> _GIVEN DATA_:
---+---
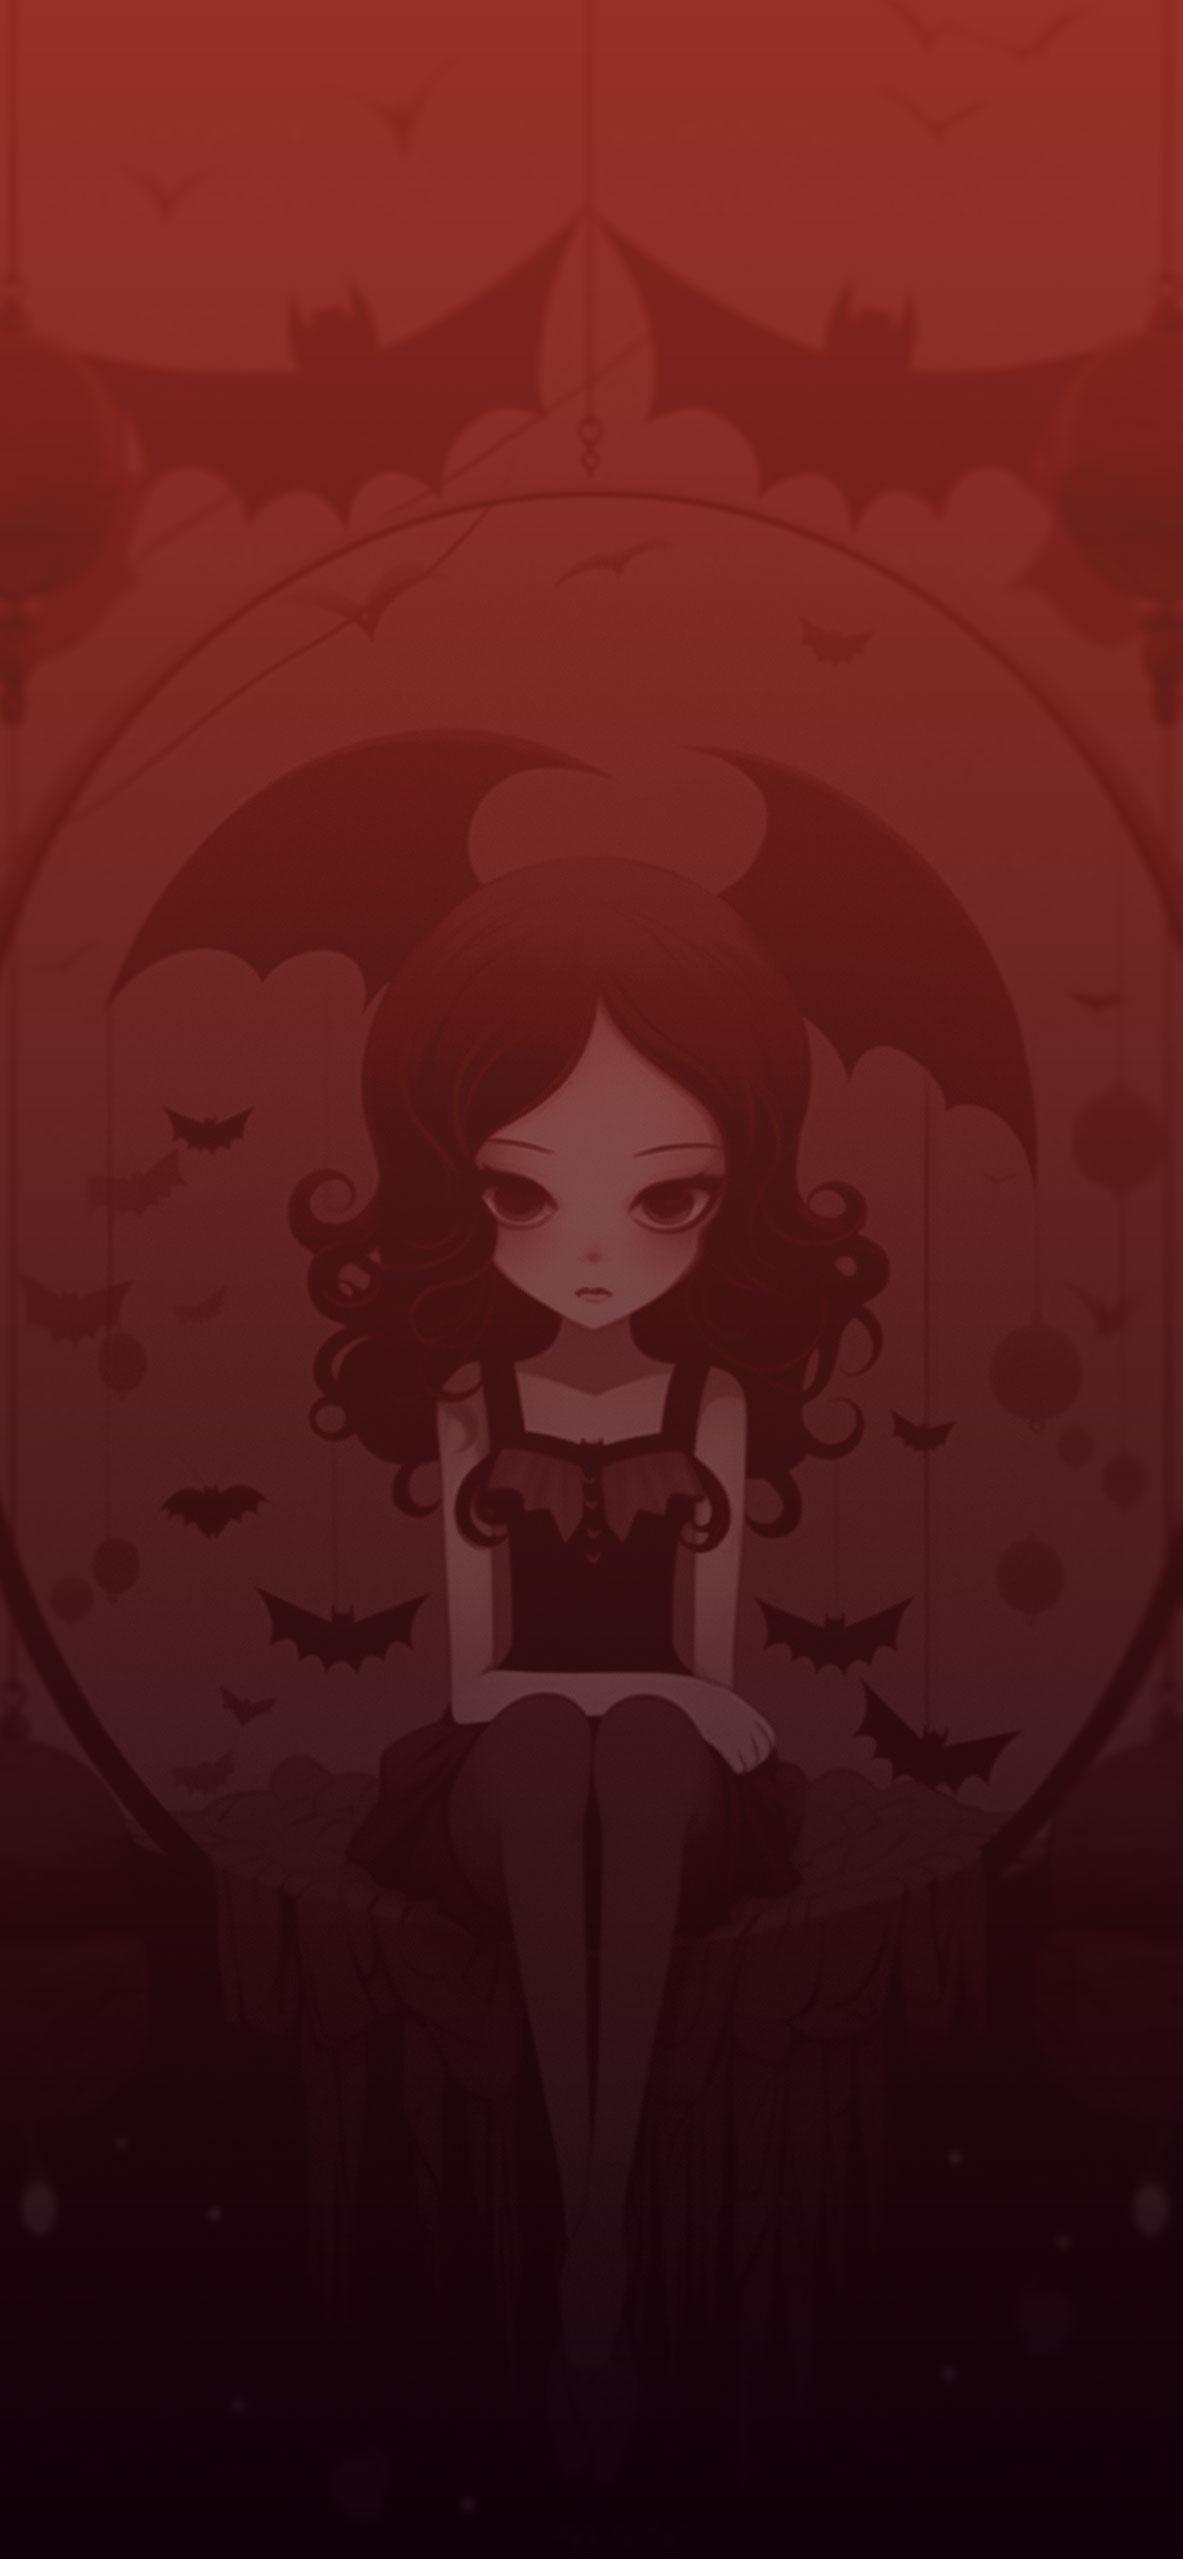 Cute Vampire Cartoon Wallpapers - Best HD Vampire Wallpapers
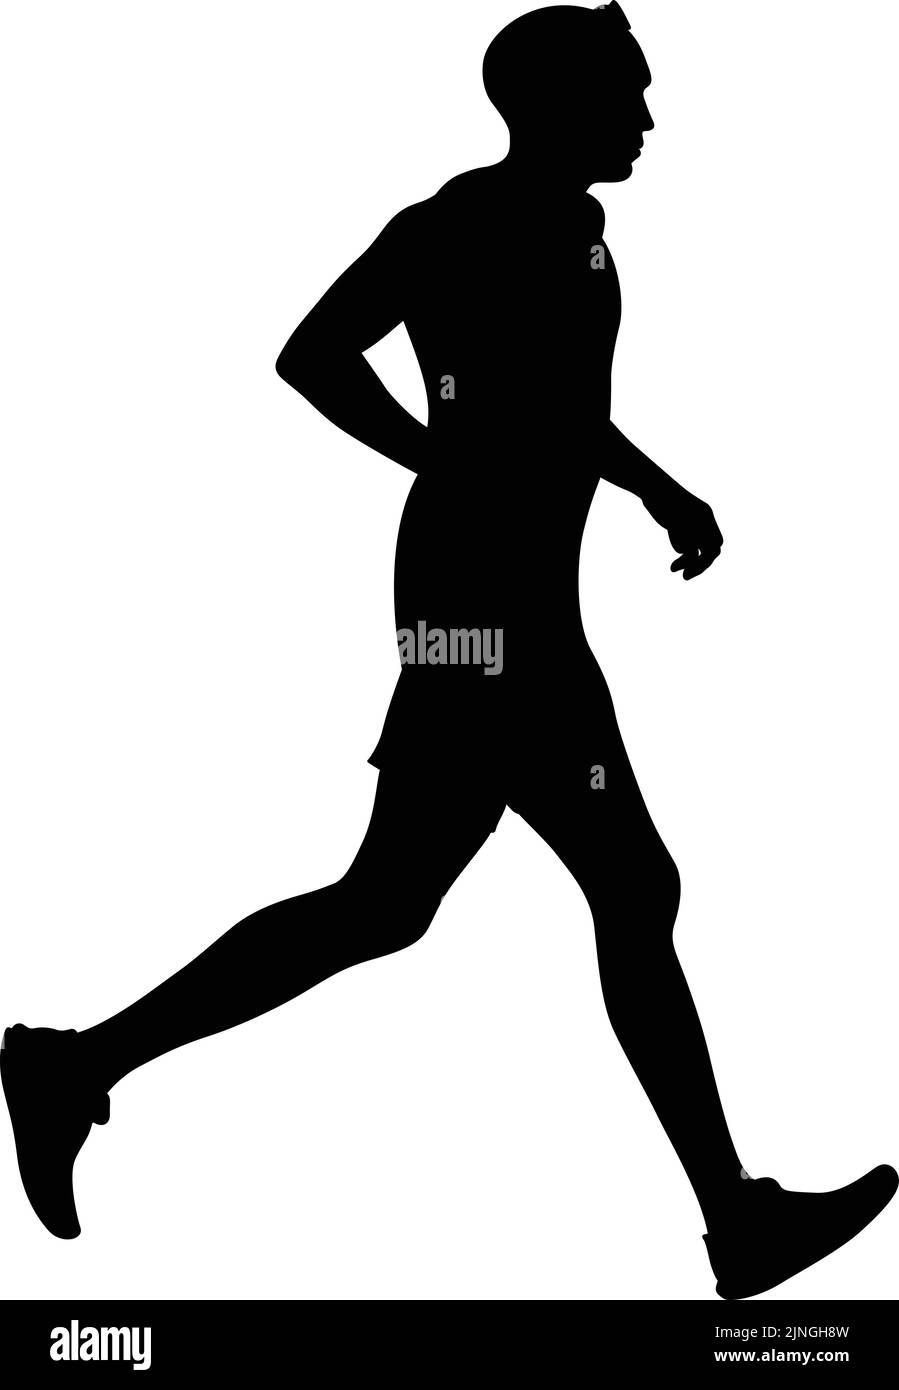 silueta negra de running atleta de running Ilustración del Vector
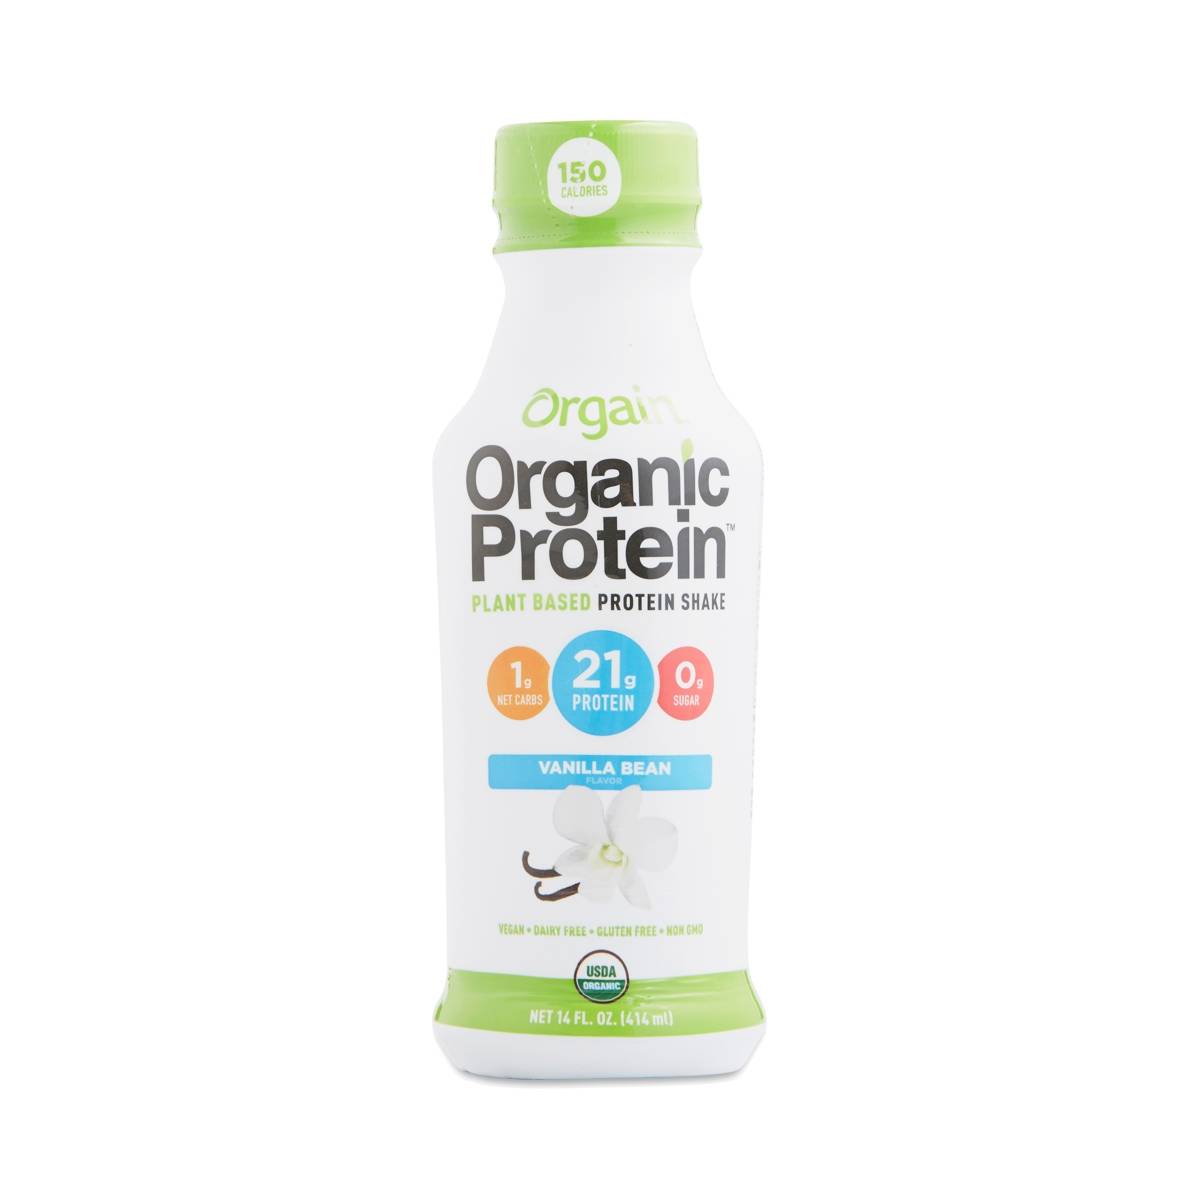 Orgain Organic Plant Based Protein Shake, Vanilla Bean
---+---
> _PROMPT_:
Print the listing exactly, images excluded.

> _OUTPUT FOR THIS EXERCISE_:
 Cute Vampire Cartoon Wallpapers - Best HD Vampire Wallpapers
 silueta negra de running atleta de running Ilustración del Vector
 Orgain Organic Plant Based Protein Shake, Vanilla Bean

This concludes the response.